→ What the task asks: The lines to extract begin at the line that contains "Hoshizaki FH1-SSB(-HD) manual" and run through the last line of the listing; reproduce them exactly, minus any pictures.

→ Record extracts:
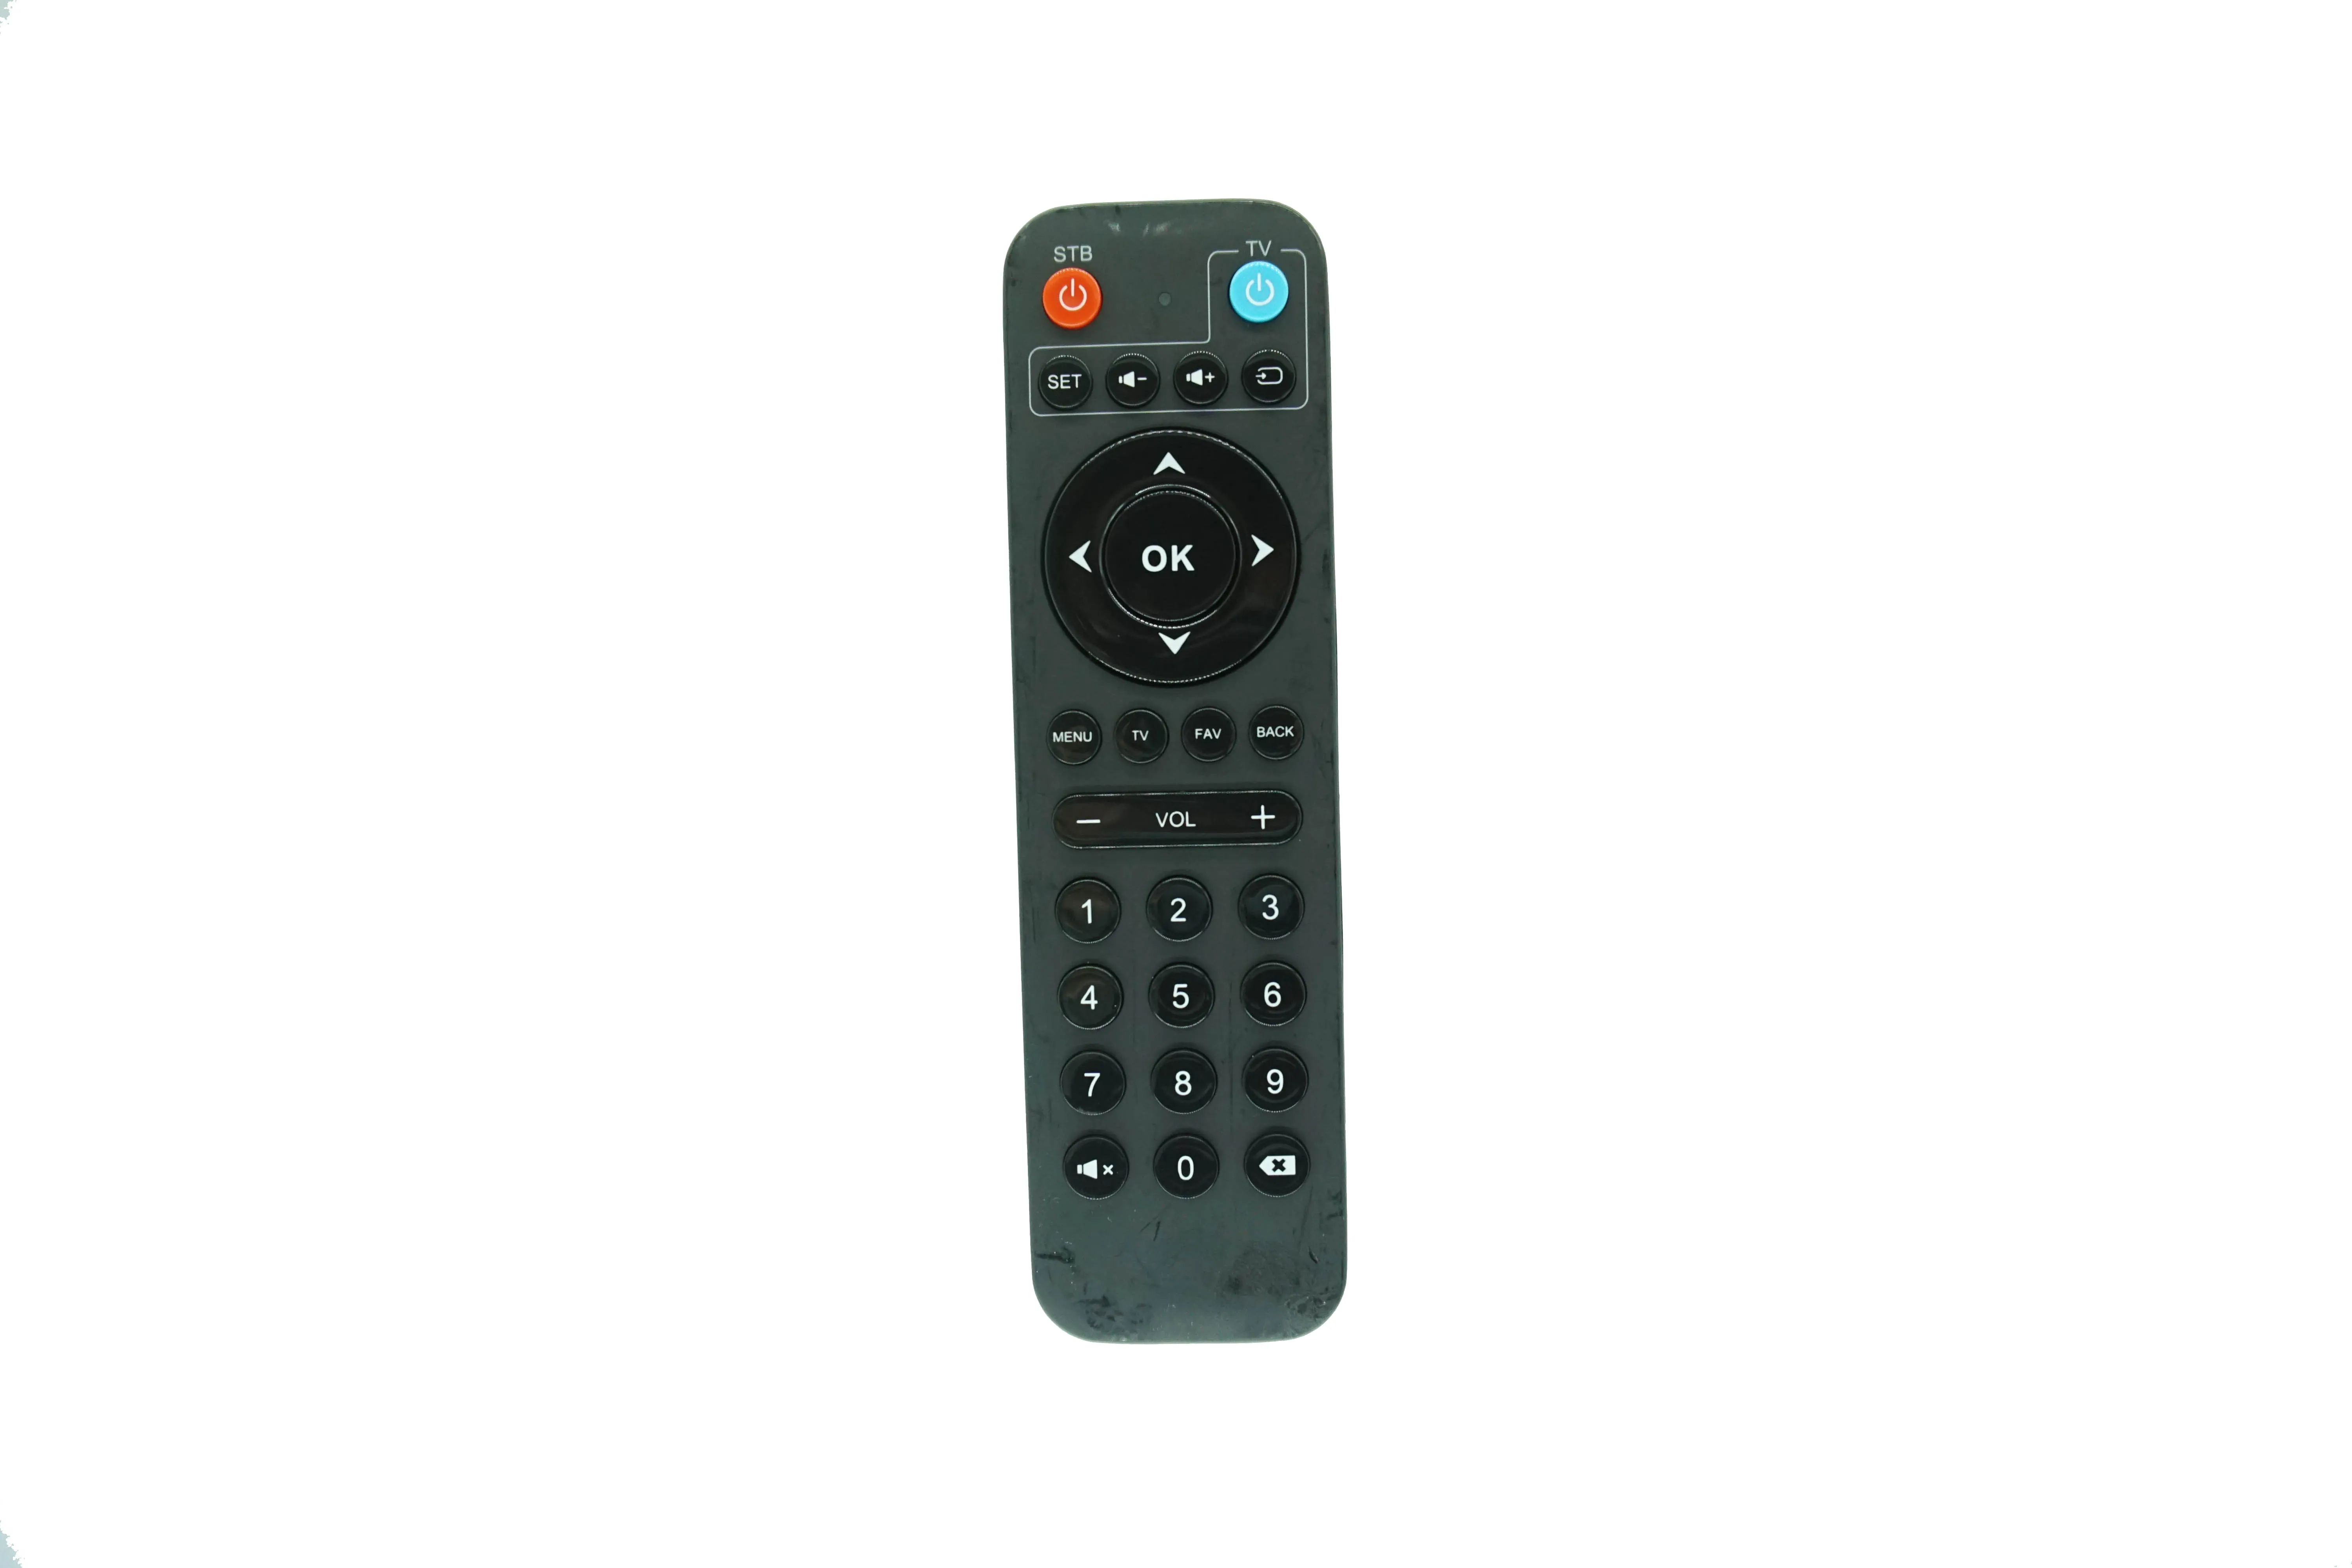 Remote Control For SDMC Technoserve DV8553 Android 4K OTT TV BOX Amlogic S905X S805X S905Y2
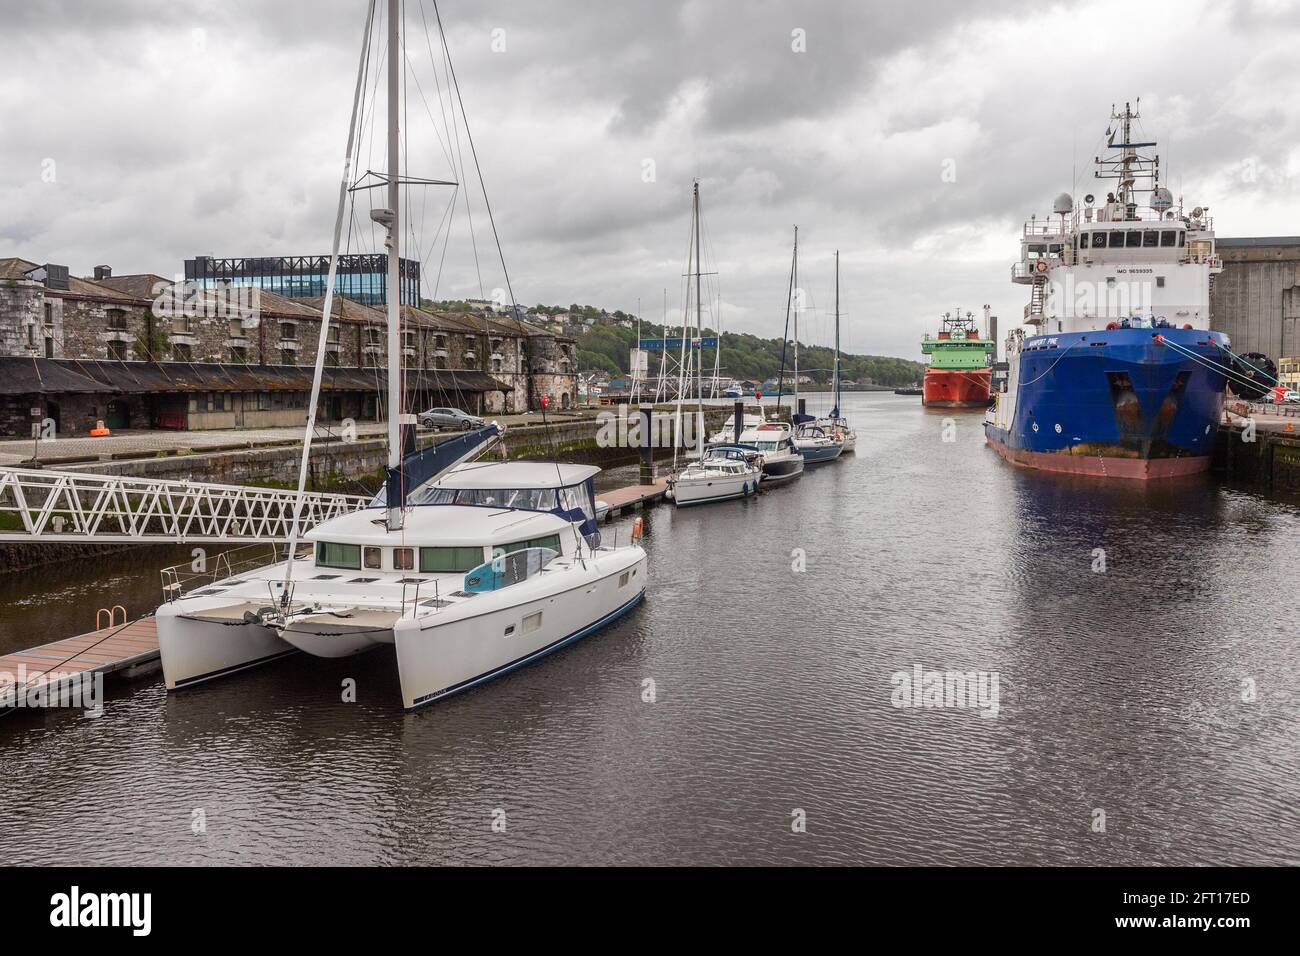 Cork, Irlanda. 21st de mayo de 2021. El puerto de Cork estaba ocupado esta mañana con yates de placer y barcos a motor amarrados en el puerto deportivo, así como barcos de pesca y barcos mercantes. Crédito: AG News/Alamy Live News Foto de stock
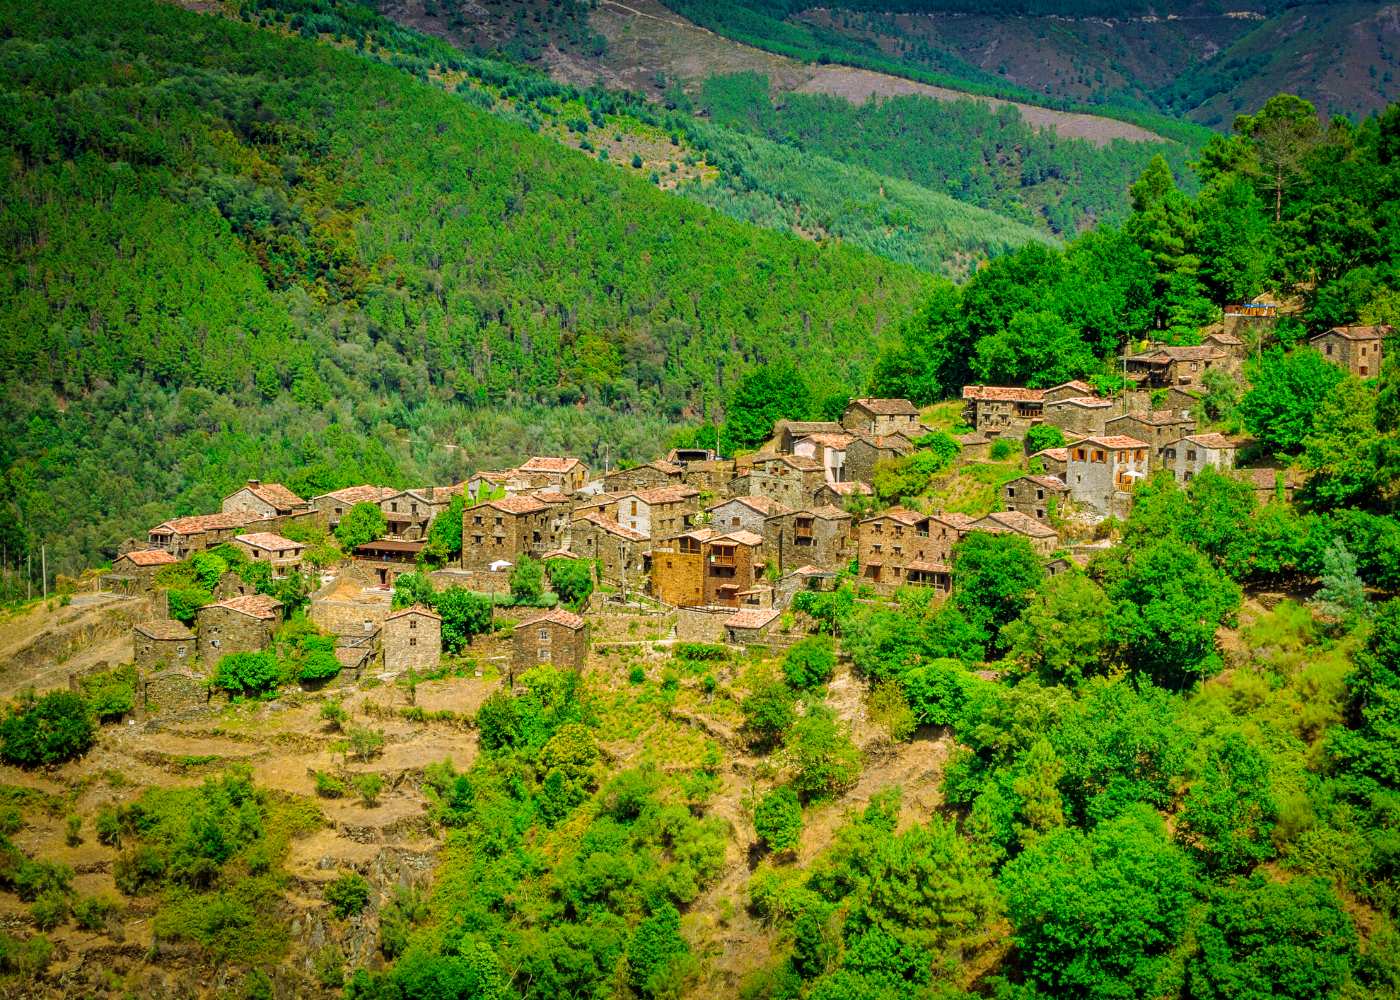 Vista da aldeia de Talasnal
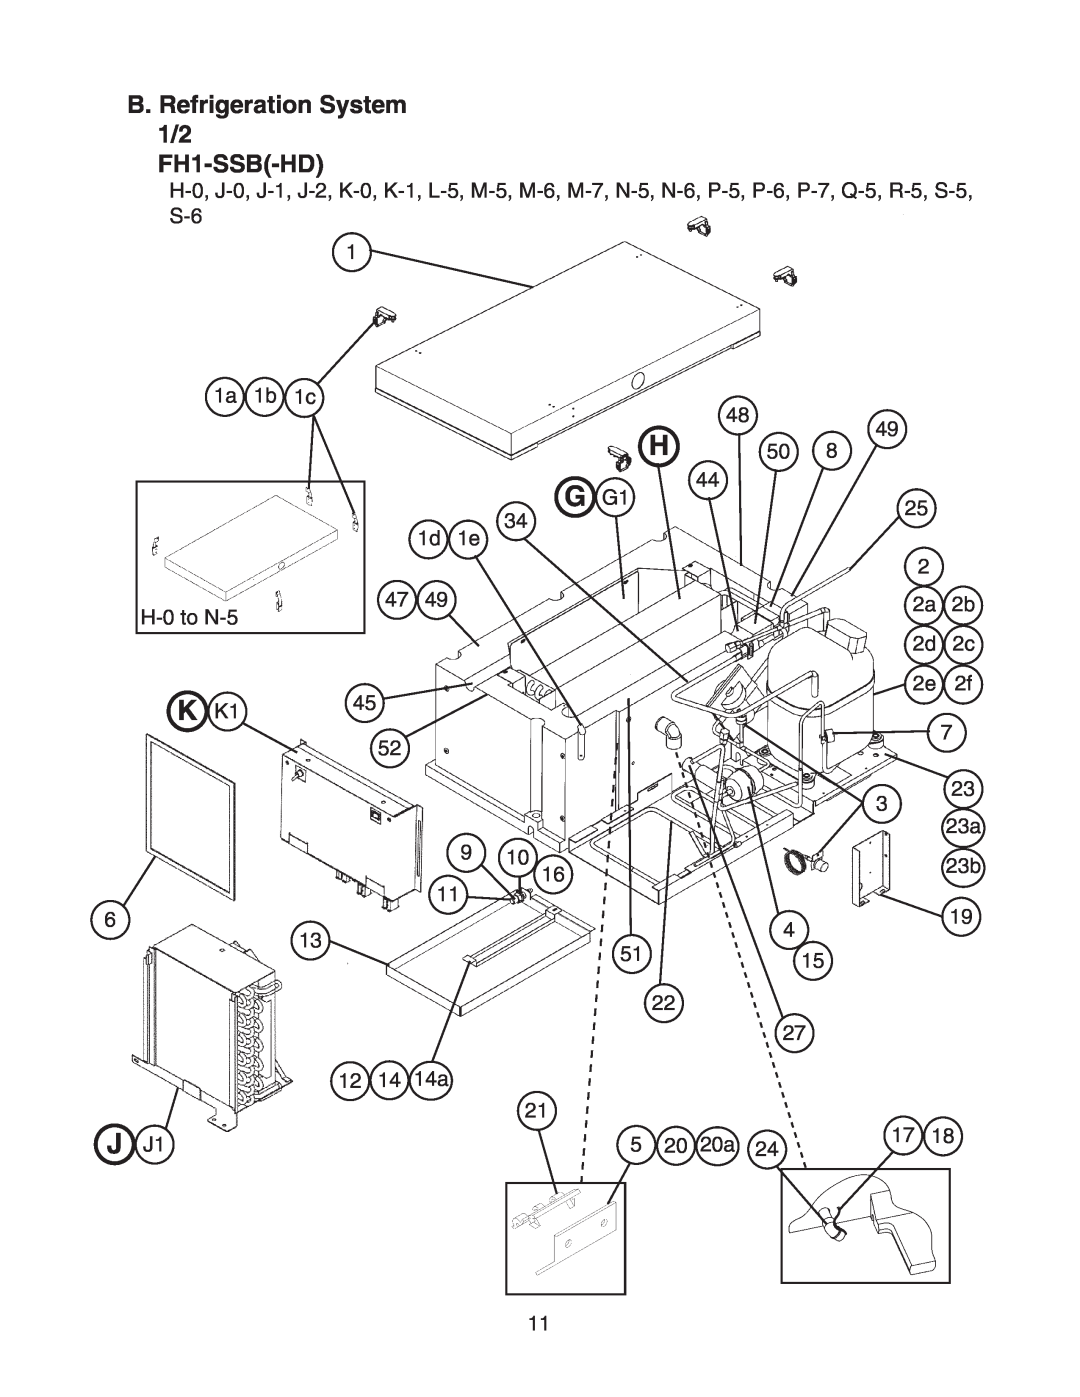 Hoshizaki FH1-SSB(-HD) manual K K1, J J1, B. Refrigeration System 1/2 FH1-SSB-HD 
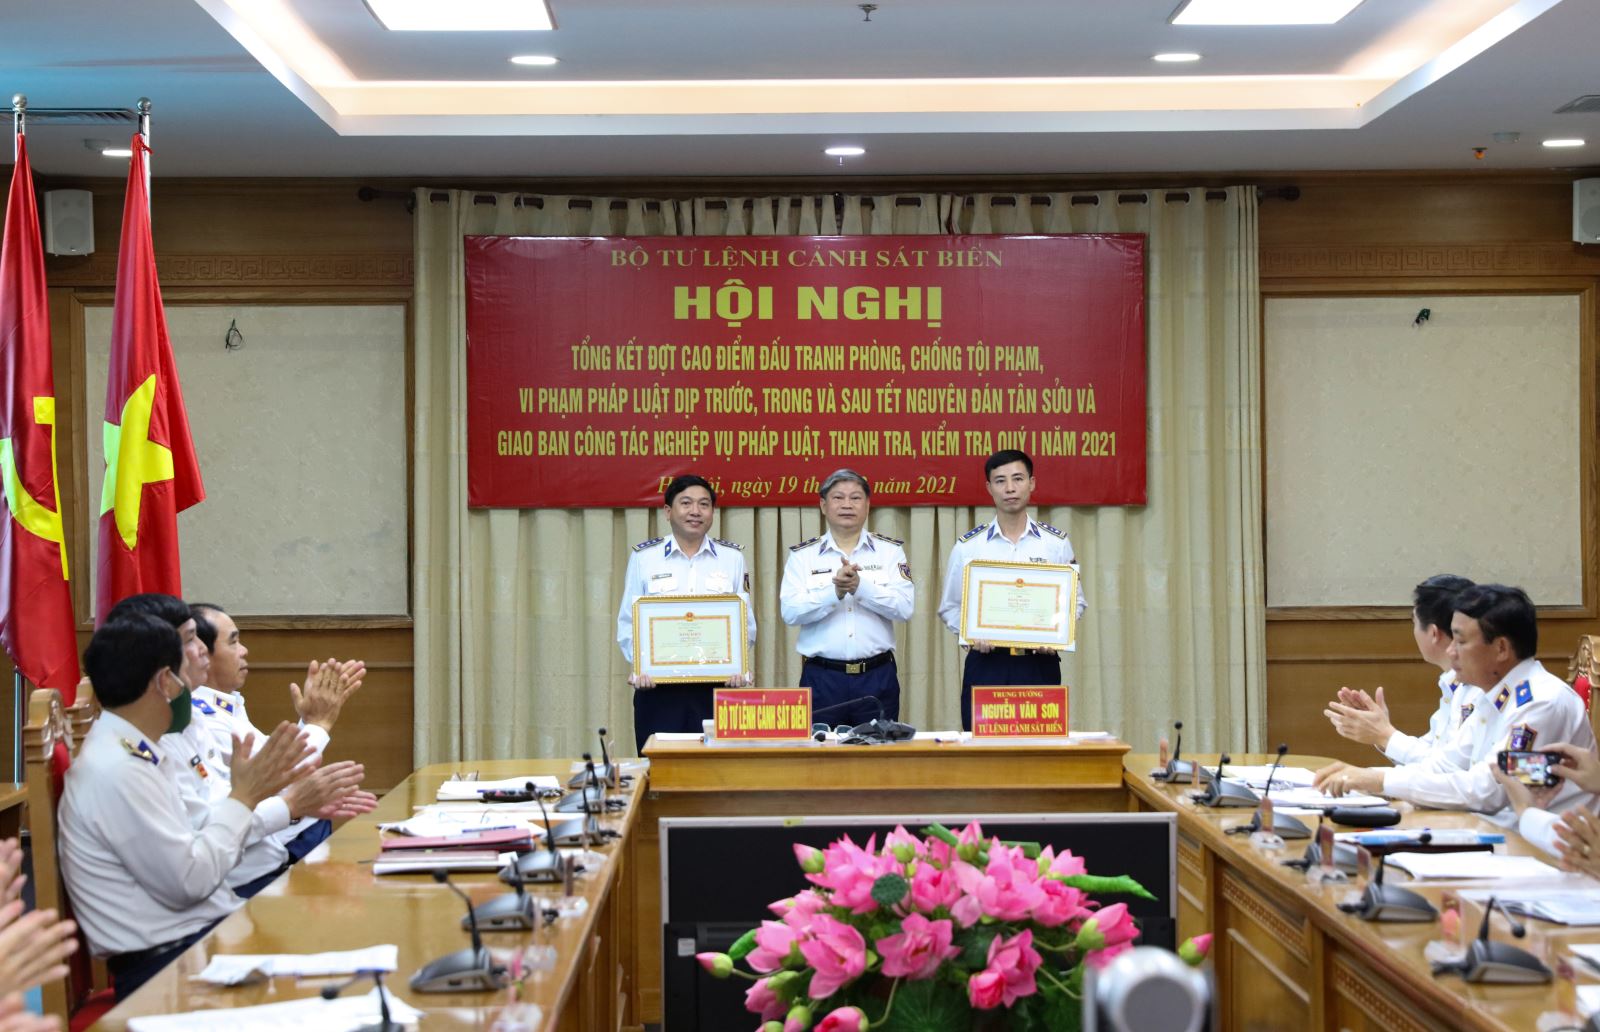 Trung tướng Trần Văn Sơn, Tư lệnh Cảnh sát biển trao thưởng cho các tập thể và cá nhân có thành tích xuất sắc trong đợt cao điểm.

→ Completed exercise:
 Hoshizaki FH1-SSB(-HD) manual K K1, J J1, B. Refrigeration System 1/2 FH1-SSB-HD 
 Trung tướng Trần Văn Sơn, Tư lệnh Cảnh sát biển trao thưởng cho các tập thể và cá nhân có thành tích xuất sắc trong đợt cao điểm.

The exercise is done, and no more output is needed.